From this objective standard, all previous complications are solved. Those living in states with immense majorities for one party or the other will have the ability to still support their candidate and assist in his election; the candidates cannot rely on a single state or region to carry an entire election for them, as the number of votes that state has to give remains capped regardless of any “passions” which may lead to a sudden influx of voting within that state; each state, with those votes representing its Senate membership, may serve on the check on the aforementioned “passions” even if their House membership is minimal; the candidates must appeal to the entire nation rather than to the few; the majority’s will still reigns, though the rights of the minority receive all due defense.
Some may contend that this does not entirely prevent situations like the 2000 election in which the popular vote may differ from the results of the Electoral College. This is true, but the risk is negligible – even under the current winner-takes-all system, such a phenomenon has only occurred four times in the history of the United States. With the electors representing the membership in the House of Representatives (well over four-fifths of all electors), it essentially becomes a statistical impossibility.
Others may argue that the proportional allocation of votes representing House membership could open an opportunity for third parties of any number of abhorrent breeds to enter the race and gain electors. This argument, too, does not stand to scrutiny. Even allowing for the possibility of a given third party being geographically concentrated enough in any state to win any electors within that state (indeed, there are none at present), they would never draw remotely close to the ability of seizing the presidency. Duverger’s Law would still reign supreme even in this instance of proportional representation. Why? Because the seat in contest can still only be filled by a single candidate, and that candidate must win a majority of the Electoral College to succeed (or at least a plurality and then a majority of the House of Representatives). Regardless of if a select number of the politically ignorant feel compelled to vote for a third party candidate (not even in a rational context), they will eternally finish third – the party that consistently comes in last will never draw enough support from voters whose goal it is to have the best available representatives of their interests come in first.
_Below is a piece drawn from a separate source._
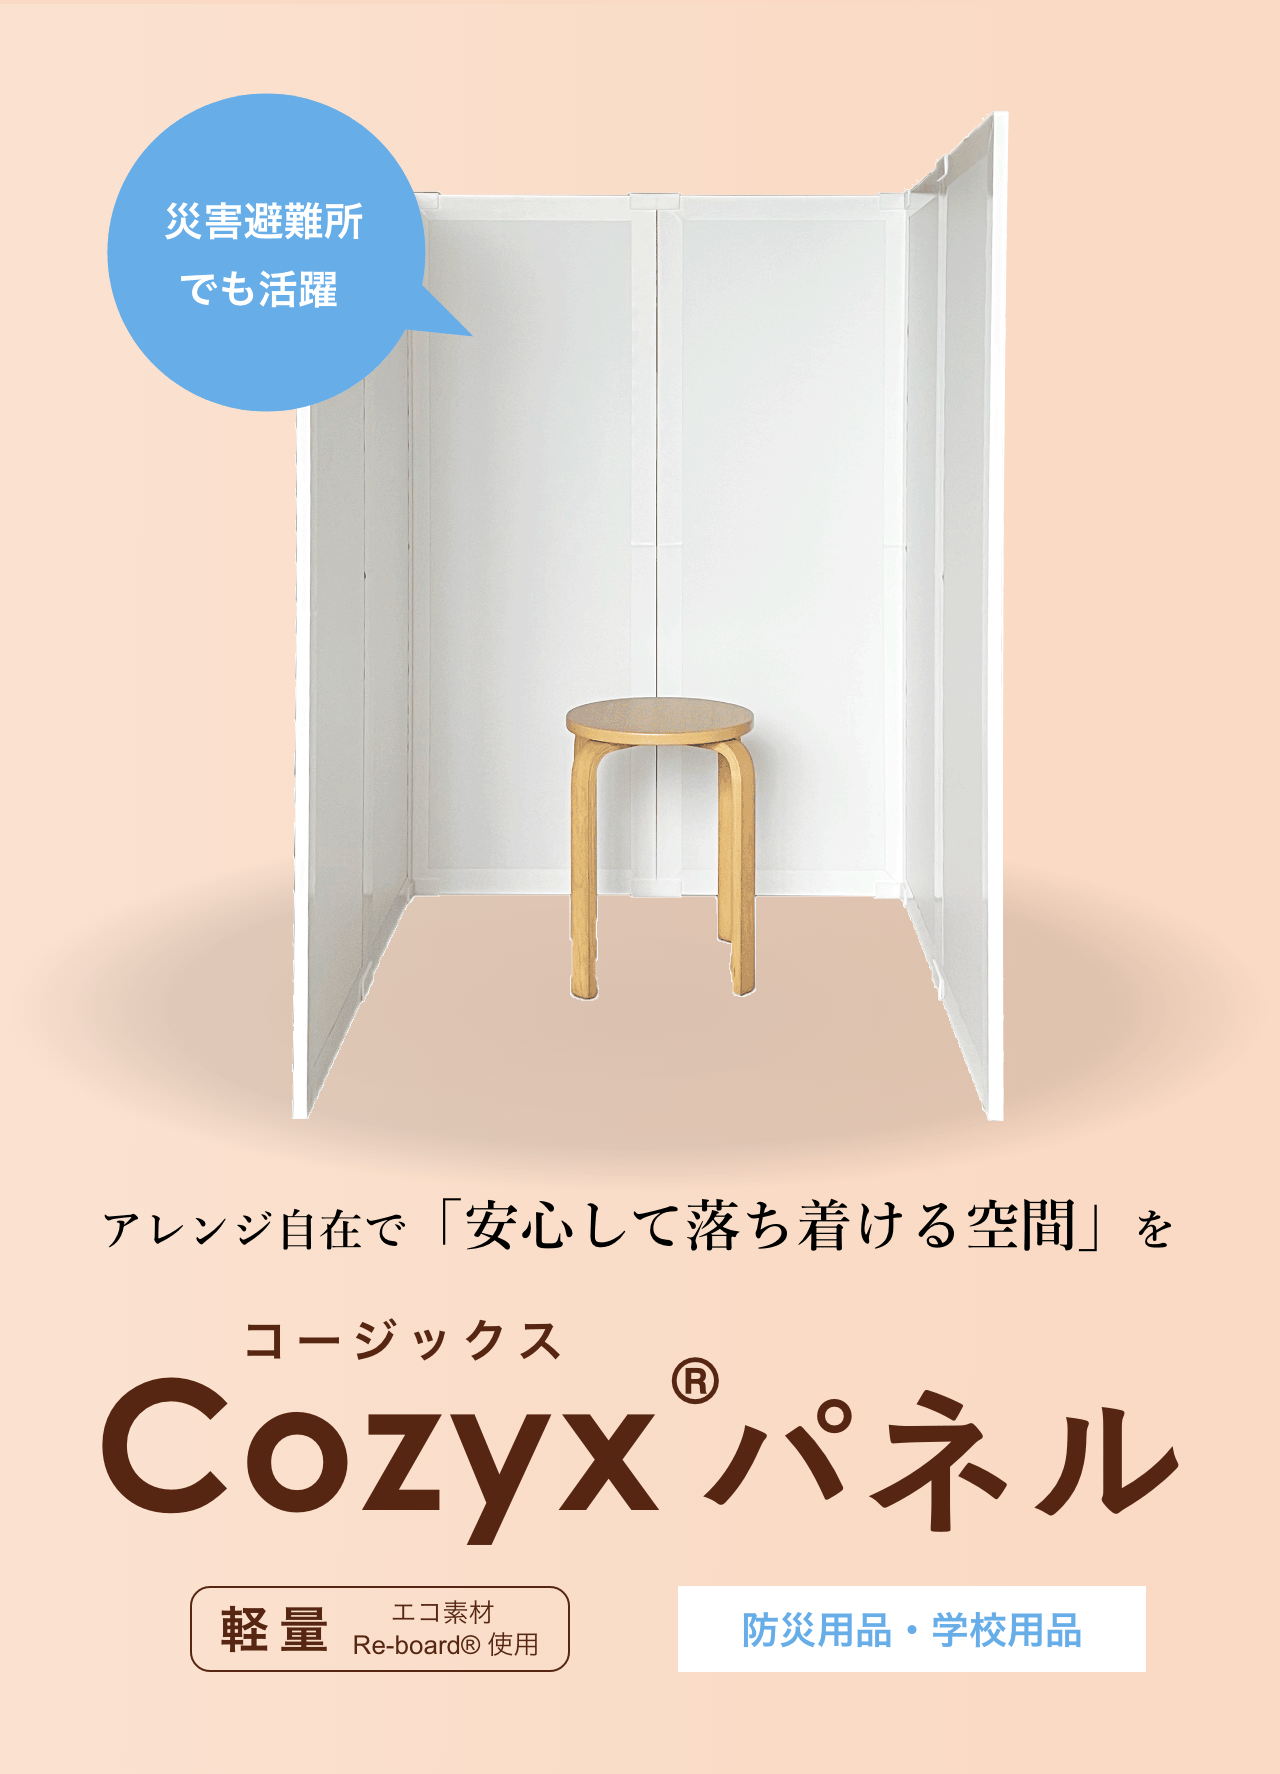 「Cozyx パネル」

The final possible critique – aside from those who unrelentingly desire the institution of a direct democracy in the United States – is that, in the event of a third party drawing an elector here and there, there could be an increasing number of situations in which there is no candidate who receives a majority of the Electoral College. Like the others, this is a non-issue. The Framers have already provided for such a situation, giving the responsibility of selection the president to the House of Representatives (the federal branch most responsive to the sentiments of the people) and that of selecting the vice president to the Senate (as, after all, his one role besides replacing the president in the event of his death or removal from office is to break ties in that chamber).
As with all issues regarding changes to the Constitution, this one will take a great deal of time. It will require methodically convincing each state legislature to relinquish some of their power (indeed, a power which benefits them to wield) to the Constitution. Before even that, it must navigate its way through Congress and achieve the requisite two-thirds majorities to be presented to the states (alternative means of ratification are too unlikely to be relied upon or expected). But no matter the time it takes to ratify an amendment to this effect, it is the right and just policy to pursue; thus, it ought to be.